Though Henton did not play in the game, his emergence might have helped contribute to Schoenhoft's decision to move on to Delaware.

As for Bauserman, the former pitcher in the Pittsburgh Pirates organization and current walk-on was the fourth quarterback in 2007 but announced his presence while Ohio State was preparing to face LSU in the national title game.

"He really had a good bowl practice," Tressel said. "He really showed a lot, we thought, in that 15 or so practices there in December, so no, I'm not surprised that it's a little bit of a battle."

Not much illumination was shed on the battle during the April 12 jersey scrimmage. Both led nine drives, splitting time with the second and third offenses.
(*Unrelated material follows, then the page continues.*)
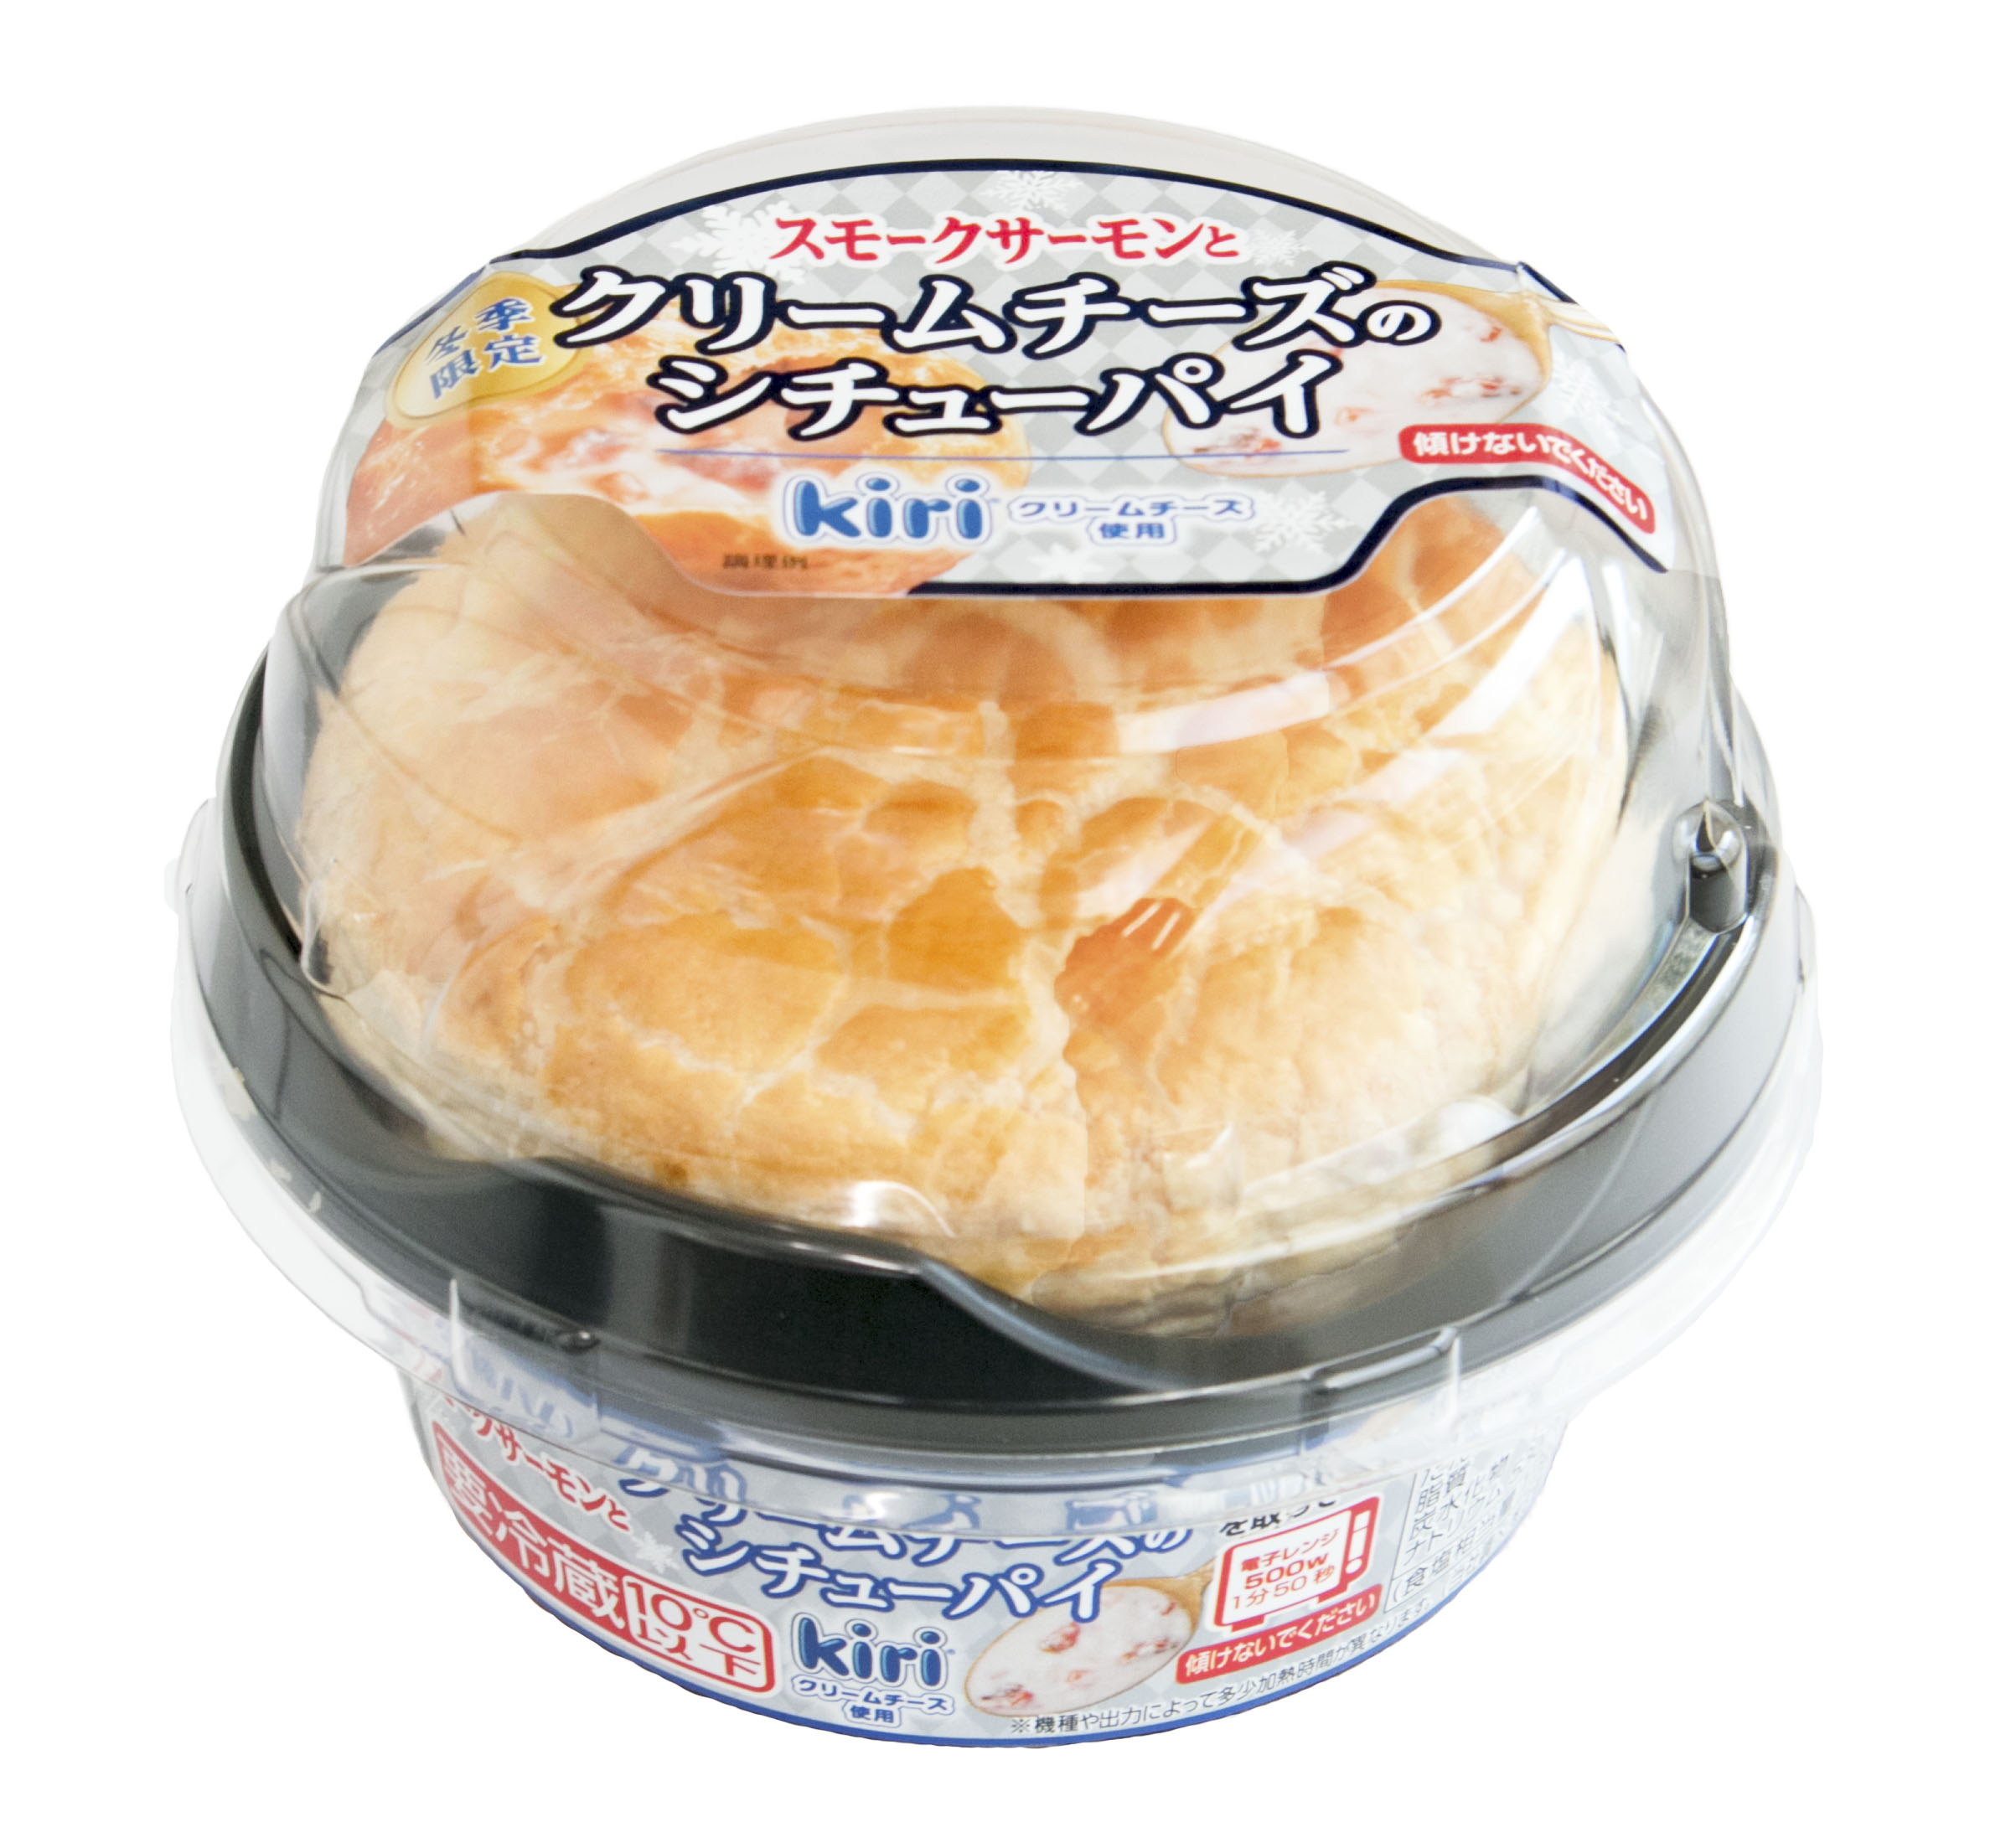 Kiri クリームチーズ入り スモークサーモンとクリームチーズのシチューパイ を新発売 伊藤ハム米久hdのプレスリリース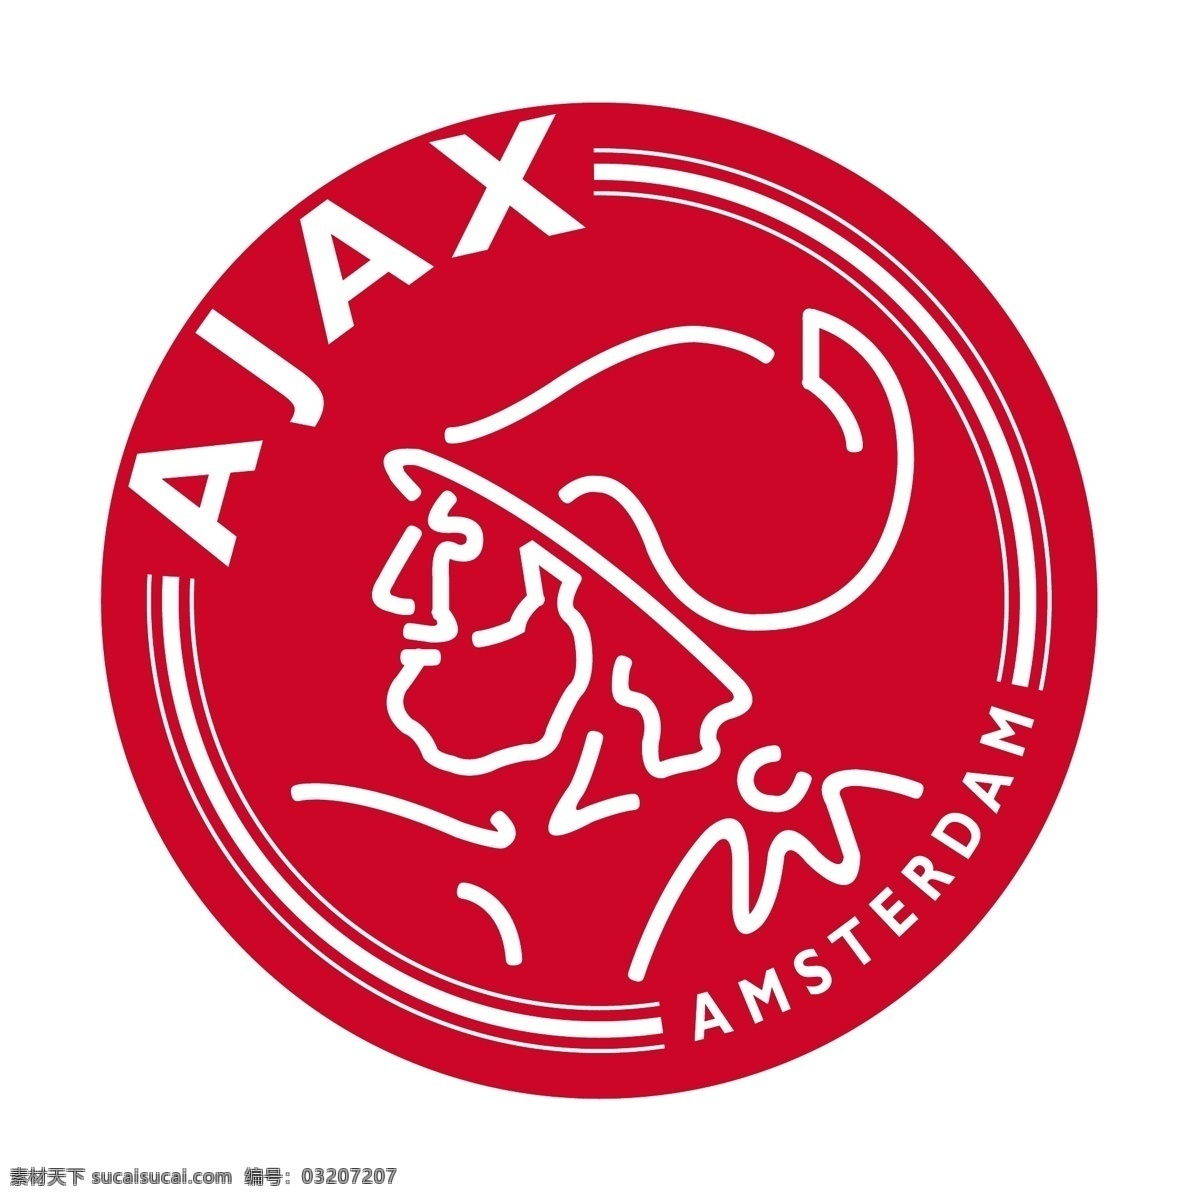 阿贾克斯 阿姆斯特丹 ajax 自由 矢量 免费 艺术 载体 矢量图 建筑家居

Henton completed 7 of 16 passes for just 27 yards and a touchdown, while Bauserman was 4 of 9 for 18 yards.

Neither was helped out by a patchwork offensive line unit that often had to battle defensive starters, nor by a wideouts unit devastated by injuries that left walk-ons to comprise the second and third units. Each was live and forced to scramble often, with Henton picking up 9 yards on two carries and Bauserman finishing with 8 yards on 11 carries, including five sacks.

Afterward, Tressel described the showing of each to be average.

"The biggest thing when you haven't played as much is understanding situations," he added. "We sometimes say your best throw of the day is the one you throw into the stands, and that's hard for a young guy who's just trying to figure things out."

While the jersey scrimmage numbers were not overwhelming, the talk about the full of camp has been that each has made progress compared to where they started. Cornerback Malcolm Jenkins, who has had a front row seat to watch each from the sideline, seemed impressed with the repertoire of each.

"I actually feel like they've been making a lot more throws than they have been," Jenkins said.

Now that they are fairly equal in their standing, the two have gone through spring living under the "competition is good" maxim that seems to highlight every position during the springtime.

"They're both working their butts off," Siciliano said. "They're both asking a lot of questions. They want to get better and that's what's important."